My typical week is focused on sales. I analyse them on a daily basis, identifying any opportunities and risks for the business, such as looking at a brand, product and category level to see where the best and worst sellers are. I need to react accordingly, for example by repeating a bestseller or looking at ways to drive sales on slower-performing styles. I have to work closely with the public relations and marketing teams to increase traffic to the website and boost awareness of the business in general through social media, press coverage and digital marketing.

The global reach is the most positive aspect of online fashion. We have four standalone websites, operating in the UK, EU, US and rest of the world, which are all currently in English. The largest portion of the business is evenly split between the UK and the US, followed by the EU and Middle East.

Online is a better way to launch smaller ranges. For a single fashion item in a department store, say a great bomber jacket, it would be difficult to display it on its own and it could get lost among all the noise. The garment would be mixed on a rail with other brands, which wouldn’t allow it the time or space to stand out, whereas online you can launch a single great item and make it as visible as you want. For example, if we found a single amazing item that we bought in volume and really believed in we have the flexibility to offer it a focus on the homepage and strong social coverage.

The Avenue 32 website

The Avenue 32 website

When you’re selling online, gaining customers’ trust is vital. You can do this by having really detailed information about the products, which reduces the return rate dramatically. Information on fit and fabrication is key to this. If a customer receives something that’s not as described, their trust is instantly threatened. Another important factor is having excellent customer service. Taking that approach ensures customers are content and will come back again and again. It’s all about the integrity.

I travel a lot. I would say that I am away approximately 10 weeks each year. I travel most often to destinations like New York, Milan and Paris. I attend all the fashion weeks and do other business trips as well, which can include everything from press dinners and sourcing trips to VIP events. We are passionate about finding new talent and helping these brands grow into larger businesses, but we want the site to remain a boutique experience.

I’m determined to continue to grow Avenue 32 and put it on a map as one of the world’s leading etailers. The way to achieve that is looking at the assortment of 155 brands we currently have and finding new interesting labels.

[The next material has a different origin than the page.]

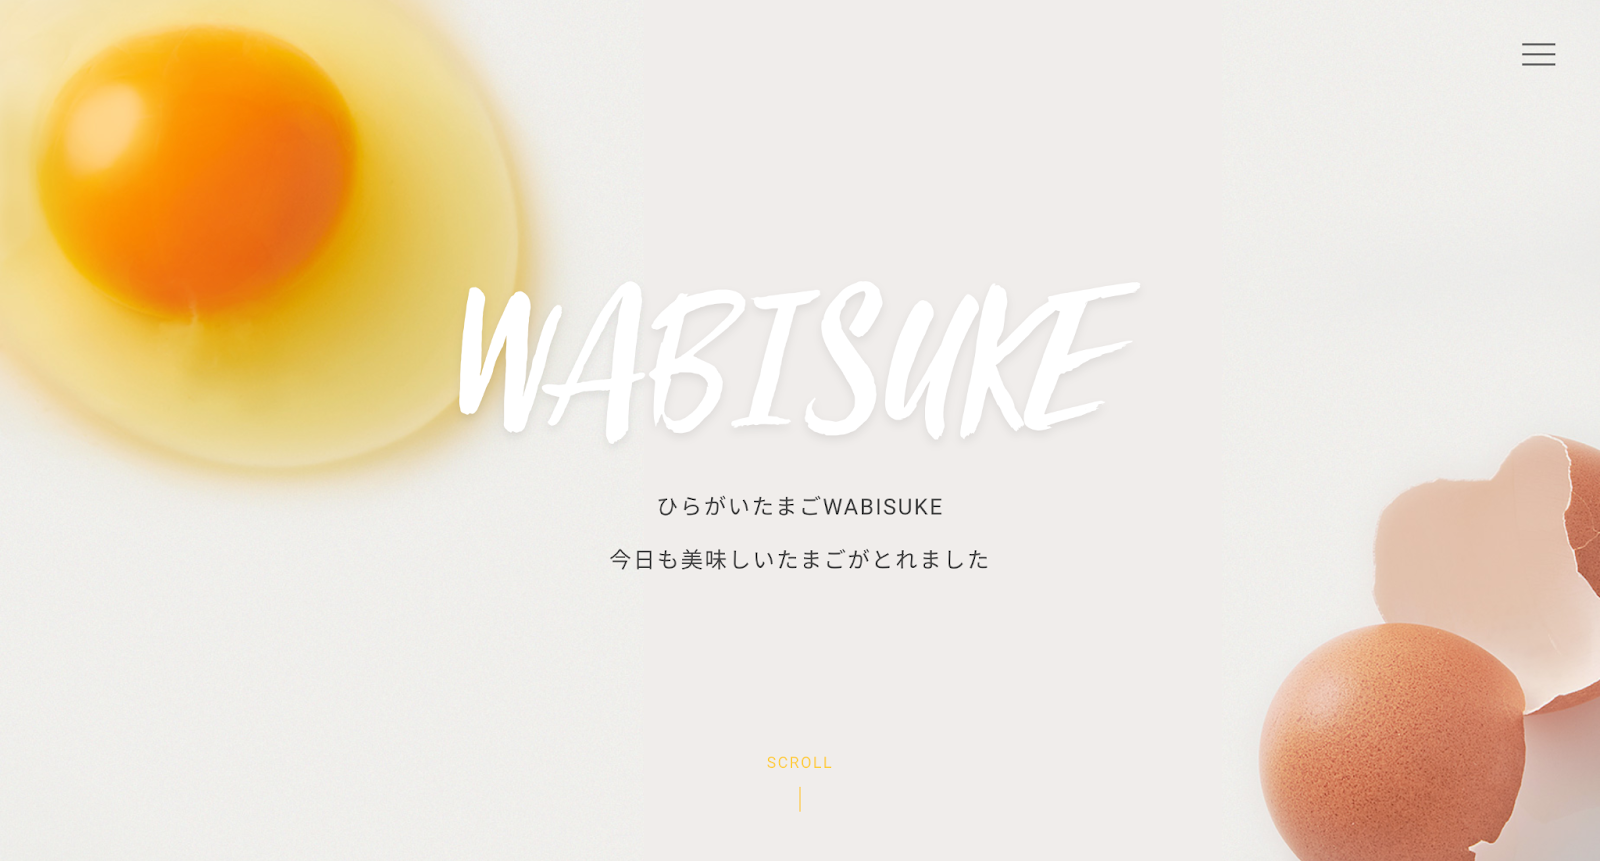 株式会社WABISUKE

Another strategy is to make the ranges wider and bigger, while still maintaining the focus on the customer.

Being promoted to head of fashion at Liberty is one of my career highlights. I was only 30 years old at the time and it was a big moment for me. During that time, I was lucky enough to work with so many talented people and, as a team, we doubled the turnover of the business – unfortunately I can’t reveal figures.

My motto is ‘be nice to everyone’, at least in terms of business. You meet a lot of people every day and you never know when your paths could cross again.

Throughout my career I have met so many great people, but if there was one person I would call my mentor it would have to be David Walker-Smith, managing director at Fenwick of Bond Street. He was my boss when I first started as a senior buyer at Selfridges and he has been one of the biggest supporters I’ve had. He taught me so much about identifying trends and brands, working with suppliers and delivering concepts – everything really that I needed to know about buying. We’re still very good friends.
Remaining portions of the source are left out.